Will this method also work with newer versions of Outlook, like in Office 365? Thank you.


----------



## JEC

Yes it will work


----------



## Pookiemeister

Next question which I just thought about, what if the user uses outlook online?


----------



## JEC

That would not be possible to automate with this object class.
But if the user also has outlook desktop on his/her pc, it should still work.


----------



## Pookiemeister

Ok. I thought so. Thank you again.


----------



## Pookiemeister

I have button on my form that I would like use to open outlook to send an email to the person inside the textbox which is labeled "Email", as a start. Thank you.


----------



## JEC

You're welcome!


----------



## Pookiemeister

@JEC

One more thing about your code above. The following shortened code does not work as expected.
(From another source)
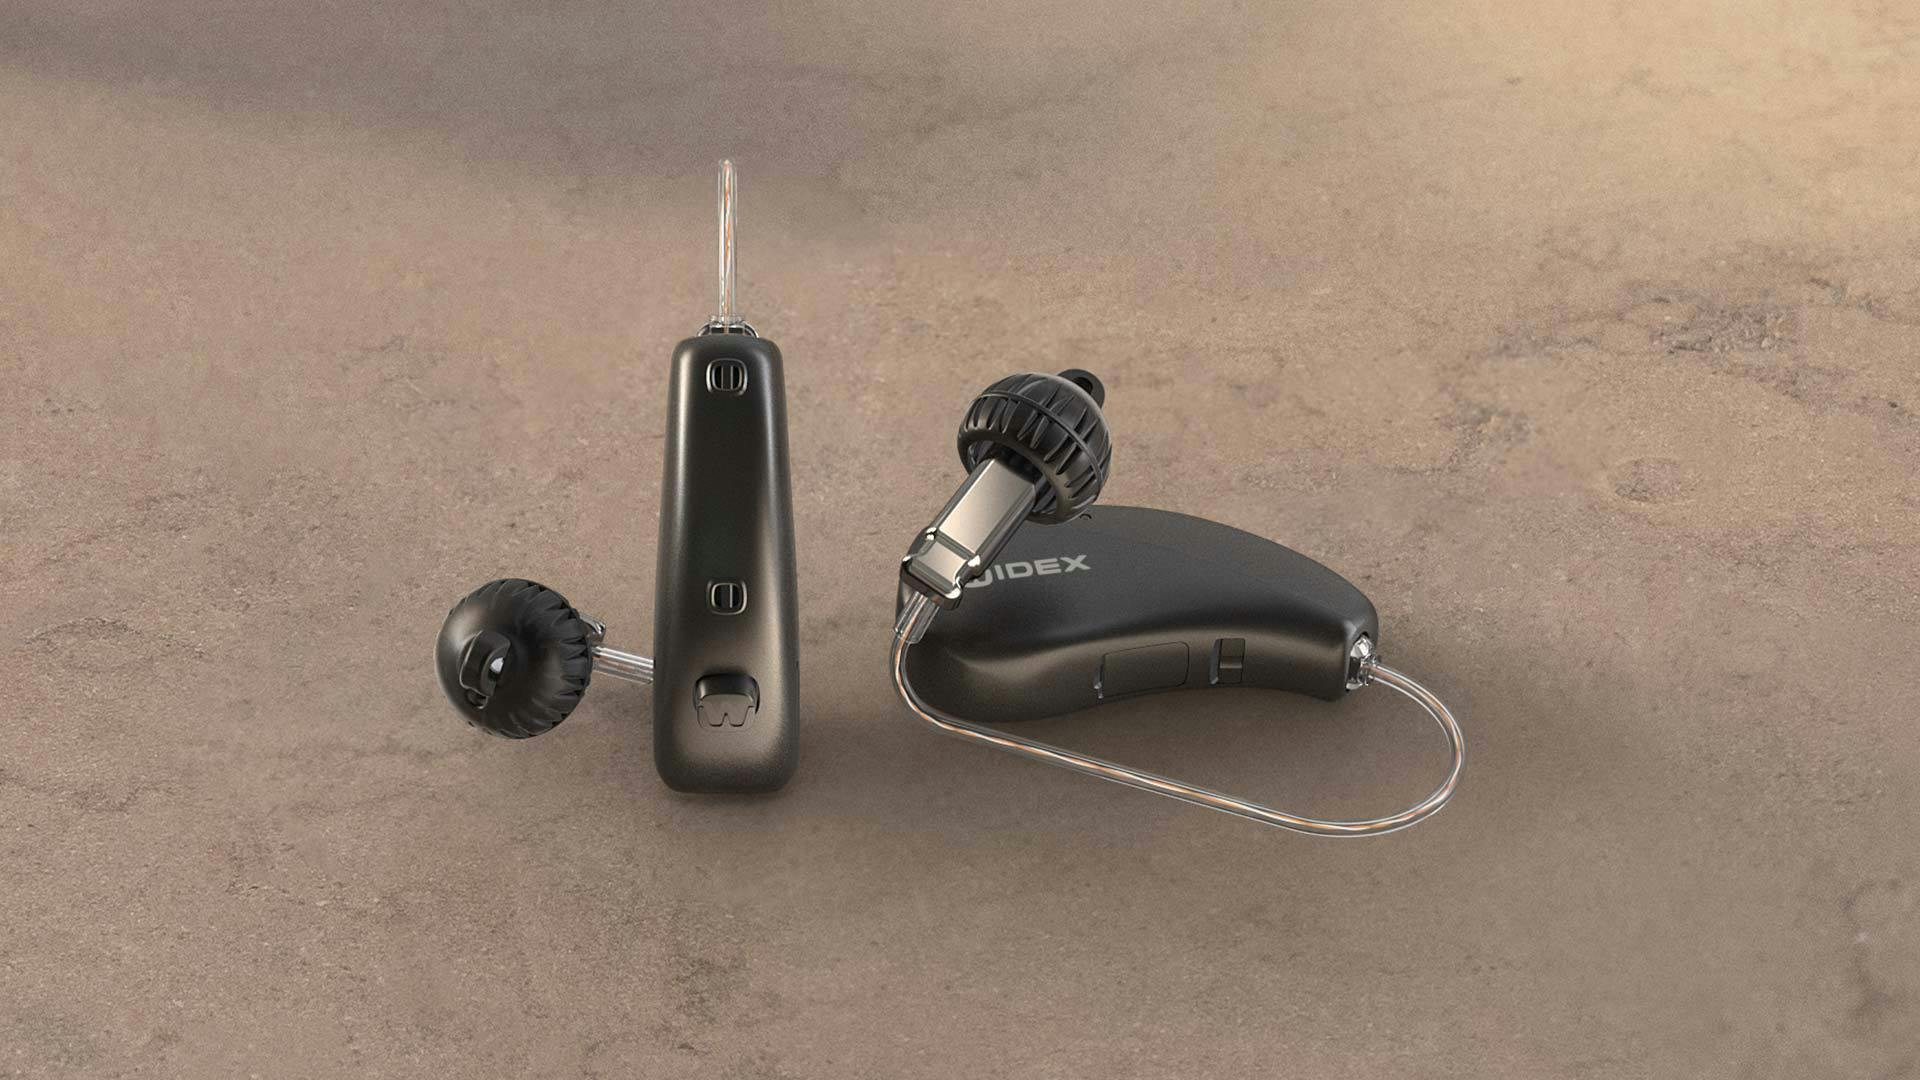 Widex hearing aids on a counter top

It always goes to the Case Else condition there needs to be an AND with Case Is like in the original code but Case does not allow an AND.



		VBA Code:
__


Select Case Time
    Case Is < "12:00:59": Salutation = "Good morning "
    Case Is < "16:59:59": Salutation = "Good afternoon "
    Case Is < "20:59:59": Salutation = "Good evening "
    Case Else: Salutation = "Dear "
 End Select


----------



## JEC

Here it works. You don't need an And.
Same result this way?



		VBA Code:
__


Select Case Time
    Case Is < TimeValue("12:00:59"): Salutation = "Good morning "
    Case Is < TimeValue("16:59:59"): Salutation = "Good afternoon "
    Case Is < TimeValue("20:59:59"): Salutation = "Good evening "
    Case Else: Salutation = "Dear "
 End Select


----------



## welshgasman

Pookiemeister said:


> @JEC
> 
> One more thing about your code above. The following shortened code does not work as expected. It always goes to the Case Else condition there needs to be an AND with Case Is like in the original code but Case does not allow an AND.
> 
> 
> 
> VBA Code:
> __
> 
> 
> Select Case Time
> Case Is < "12:00:59": Salutation = "Good morning "
> Case Is < "16:59:59": Salutation = "Good afternoon "
> Case Is < "20:59:59": Salutation = "Good evening "
> Case Else: Salutation = "Dear "
> End Select


Works for me also at 16:29 with Good afternoon ?


----------